The Relentless March Of Progress

In America, the march of progress is relentless, and what once was casually assumed be a permanent thing can be wiped clean by new technology or new approaches and vanish without a trace. The latest evidence of that classic aspect of the American Way is that the last freestanding public pay phone booth has been removed from New York City. The phone booth, which was located in Times Square, had become a kind of kitschy tourist attraction before it was hoisted away last month.

According to the Bloomberg article linked above, New York City once had 8,000 freestanding public phone booths. They were a familiar feature on Manhattan street corners. Phone booths were used by superheroes to change clothes, and figured prominently in countless spy dramas and action movies. Bad guys who were planning to commit bad acts used the booths to place anonymous phone calls demanding ransom payments, and spies used the booths as dead drops or meeting places. How many films over the years featured a star rushing to make it to a particular phone booth on a busy street in time to answer a call?

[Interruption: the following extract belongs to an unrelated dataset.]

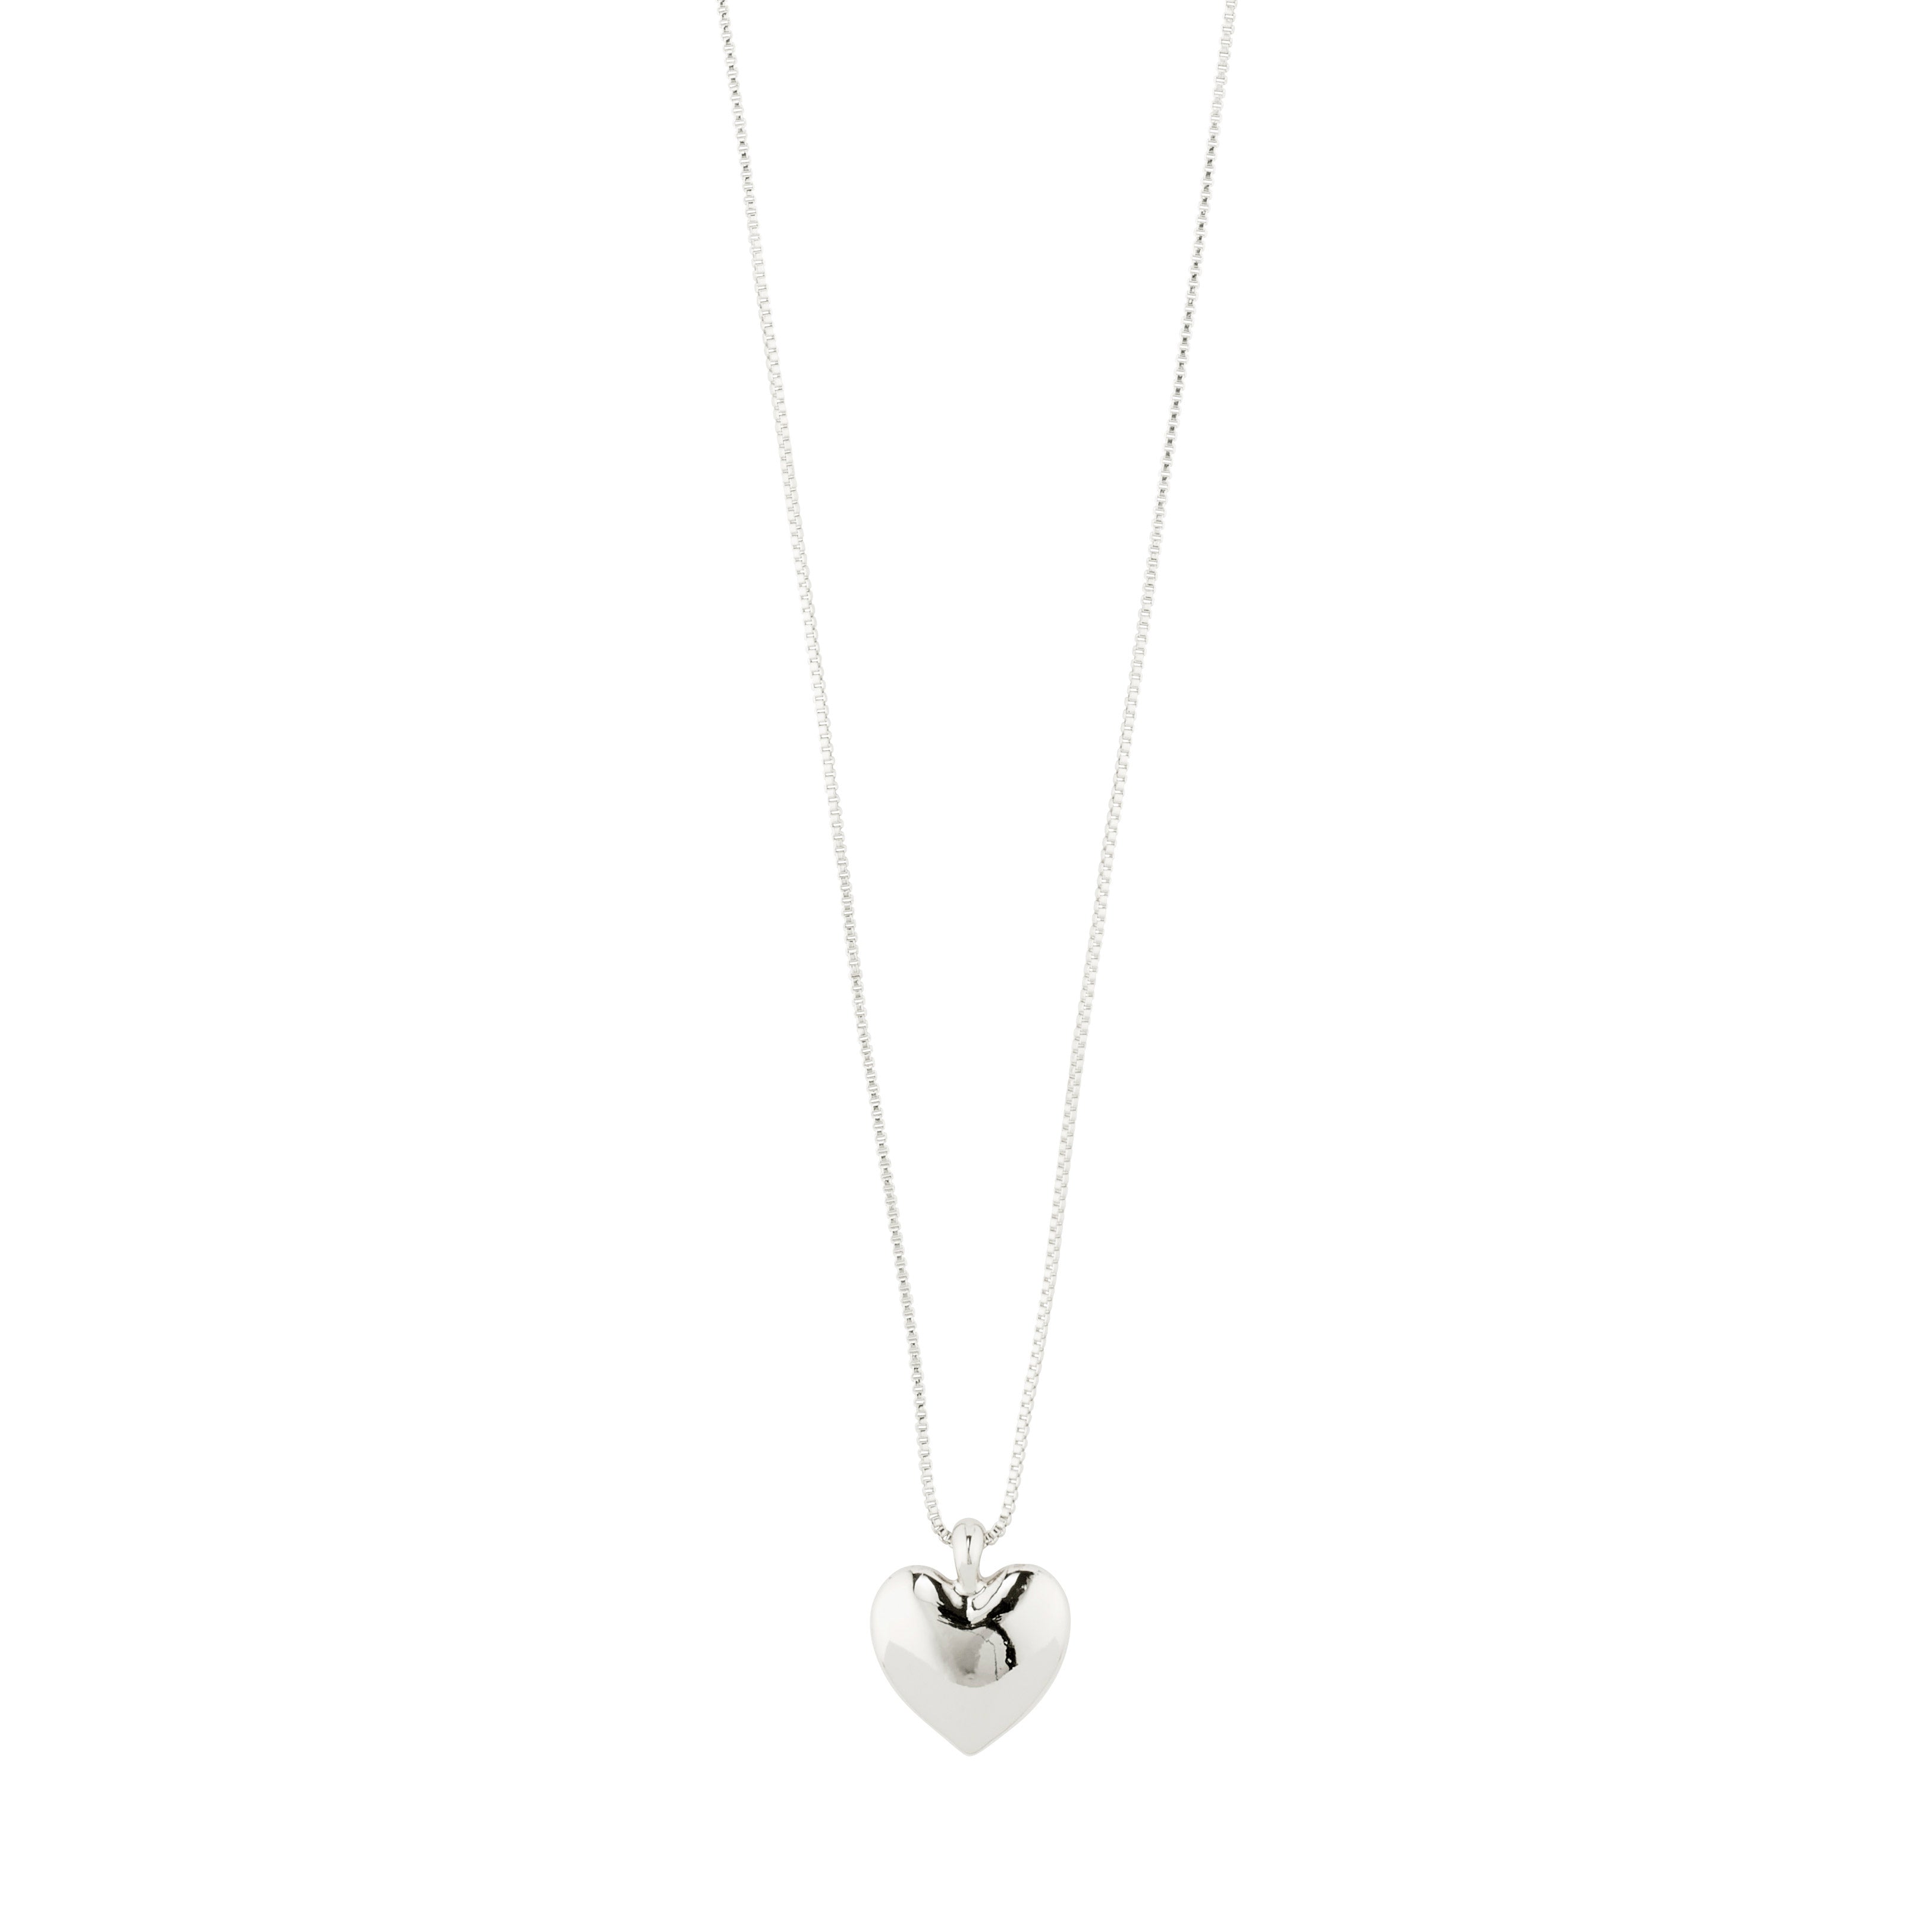 SOPHIA recycled heart necklace silver-plated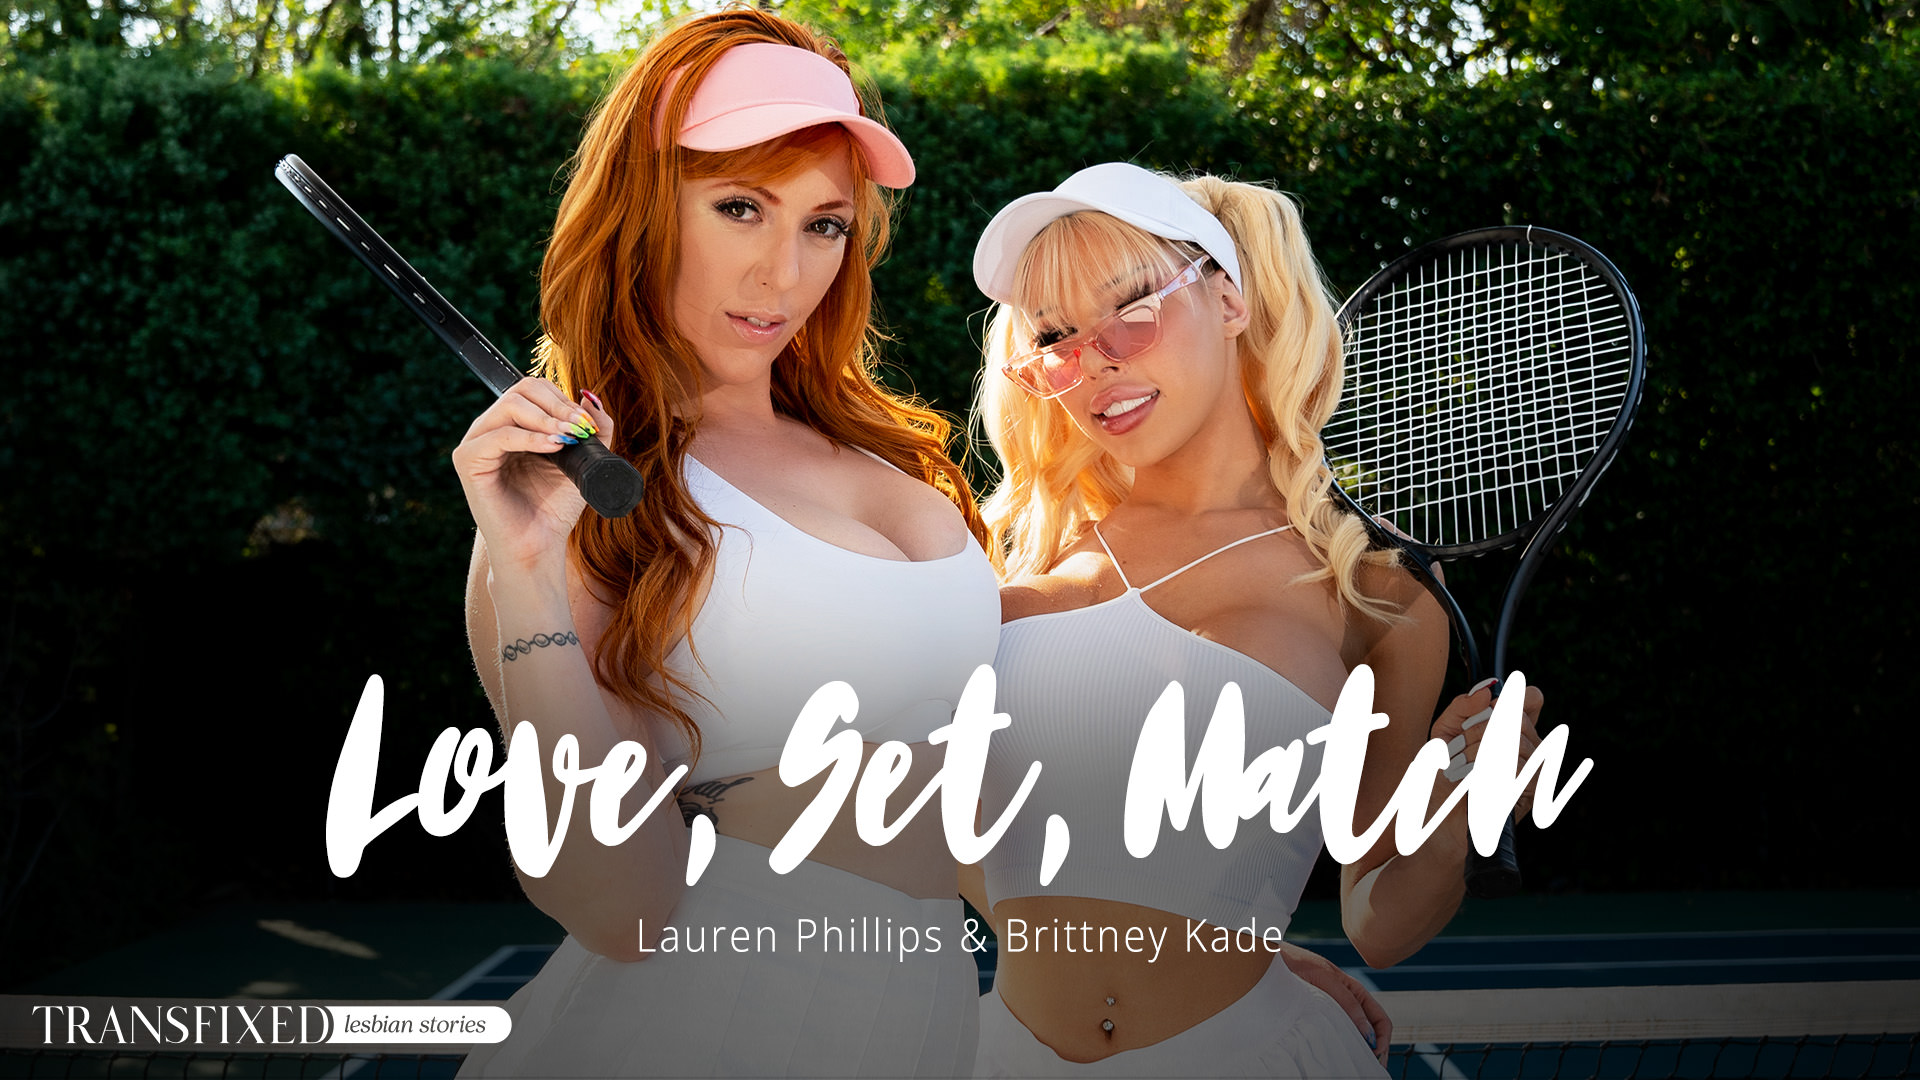 Love, Set, Match, Scene #01 with Lauren Phillips, Brittney Kade in Transfixed by Adult Time

Now New York City is a phone booth-free zone. I’m not sure if there are any phone booths left in Columbus, and I frankly can’t remember the last time I saw a phone booth anywhere. They have been so rare for so long that I wrote about an unexpected sighting of a phone booth in upstate New York in 2011. Of course, screenwriters long ago adapted to the demise of the phone booth by using burner phones as the new anonymous device to move plots along.

In short, phone booths have officially joined the horse and buggy, television static, and Blockbuster stores as relics of a bygone era. That’s the American Way.